The secret of successful company blogging

So the secret of successful company blogging is simple. Don’t give up when you run out of ideas. Instead try changing your approach to blogging and don’t be afraid to keep your posts short (unlike this one!).

Finally, avoid the situation entirely by keeping a list of blog ideas that you can call upon when inspiration run dries.

Ultimately successful corporate blogging is about perseverance.

  • really, man?

    You lost me when you used “your” instead of “you’re”.

  • Alex Subrizi

    At my company, where my role extends to corporate communications, we’ve been discussing the purpose and importance of our blog for some time. Yes it’s hard, as you point out, to get employees to contribute regularly, and over a five-year period we’re averaging only about 10 posts per year. More significantly, none of those posts has ever generated a relevant, serious comment (there are always spammers that always insert a URL after some bland bit of praise).

    So the question we are asking ourselves as we try to revitalize our blog is whether the lack of comments equates to a (near) total lack of interest in our blog, and whether this might be addressed by more frequent posting or more high quality posts.

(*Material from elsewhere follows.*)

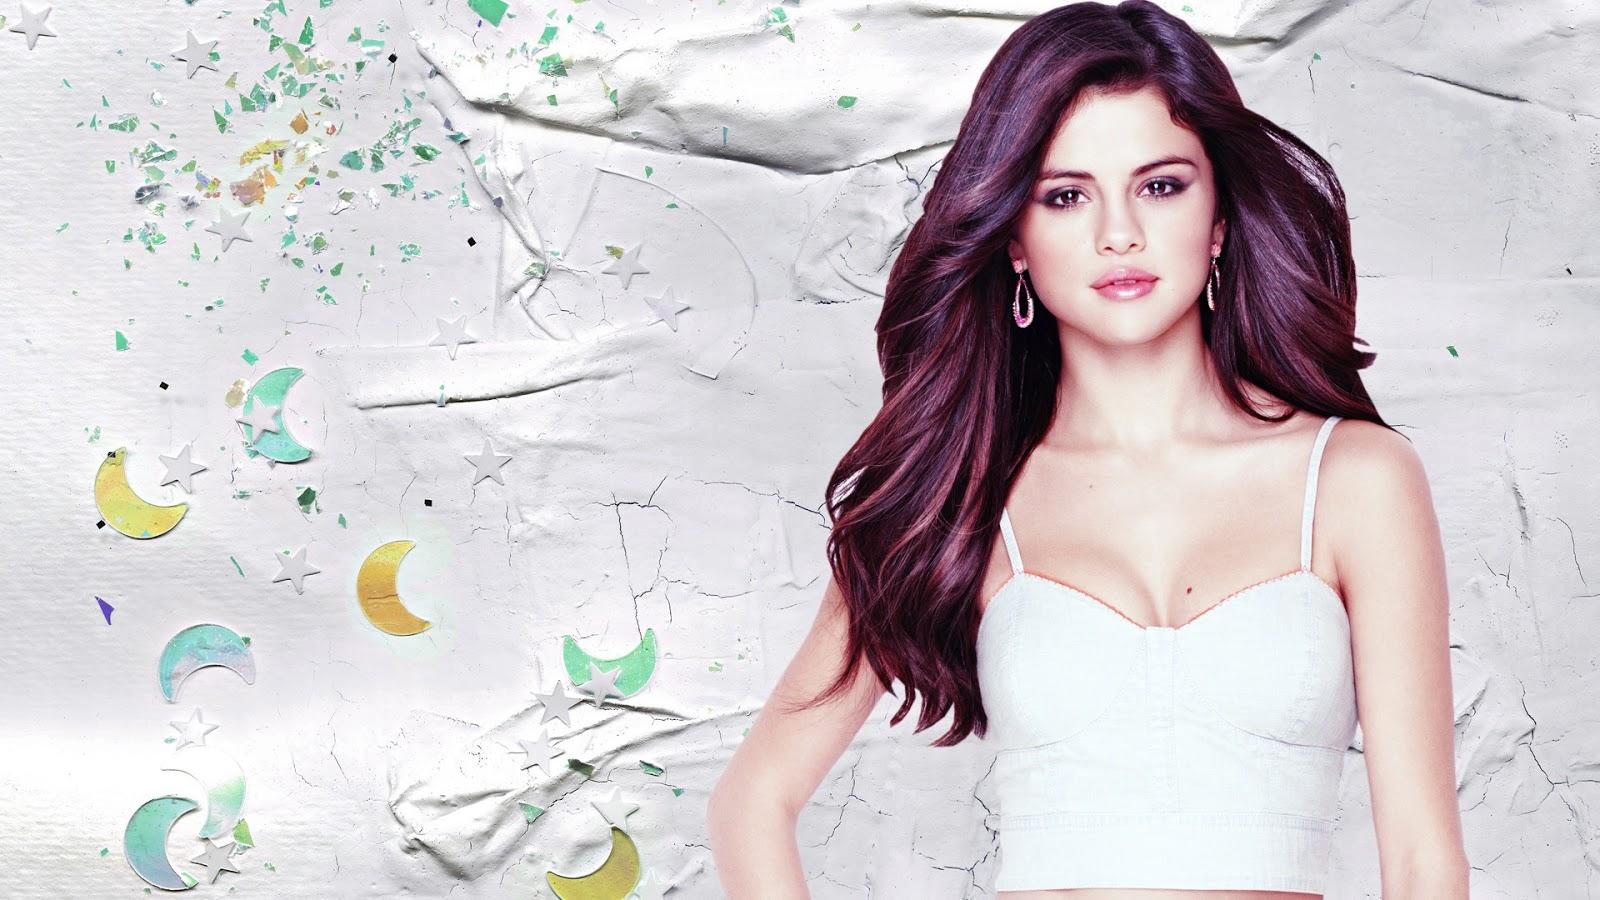 Selena Gomez Bikini Wallpaper 1080p

Having to choose between these last two, which ranks higher in your view?

    And yes, I agree that you could fix that “your > you’re” typo. It’s the first word of your fourth point. Having your ideas thrown out by a reader because of a spelling or punctuation mistake is short-sighted, I agree. But forgoing the chance to correct an error once it’s pointed out is odd. For those with an eye for such things, errors interrupt the flow of discourse: call it a harsh truth about written communication. Proofreaders have jobs for this reason. You didn’t “lose me”, I kept reading, and enjoyed and shared your post. But I find it strange that, once the error is pointed out, it remain uncorrected.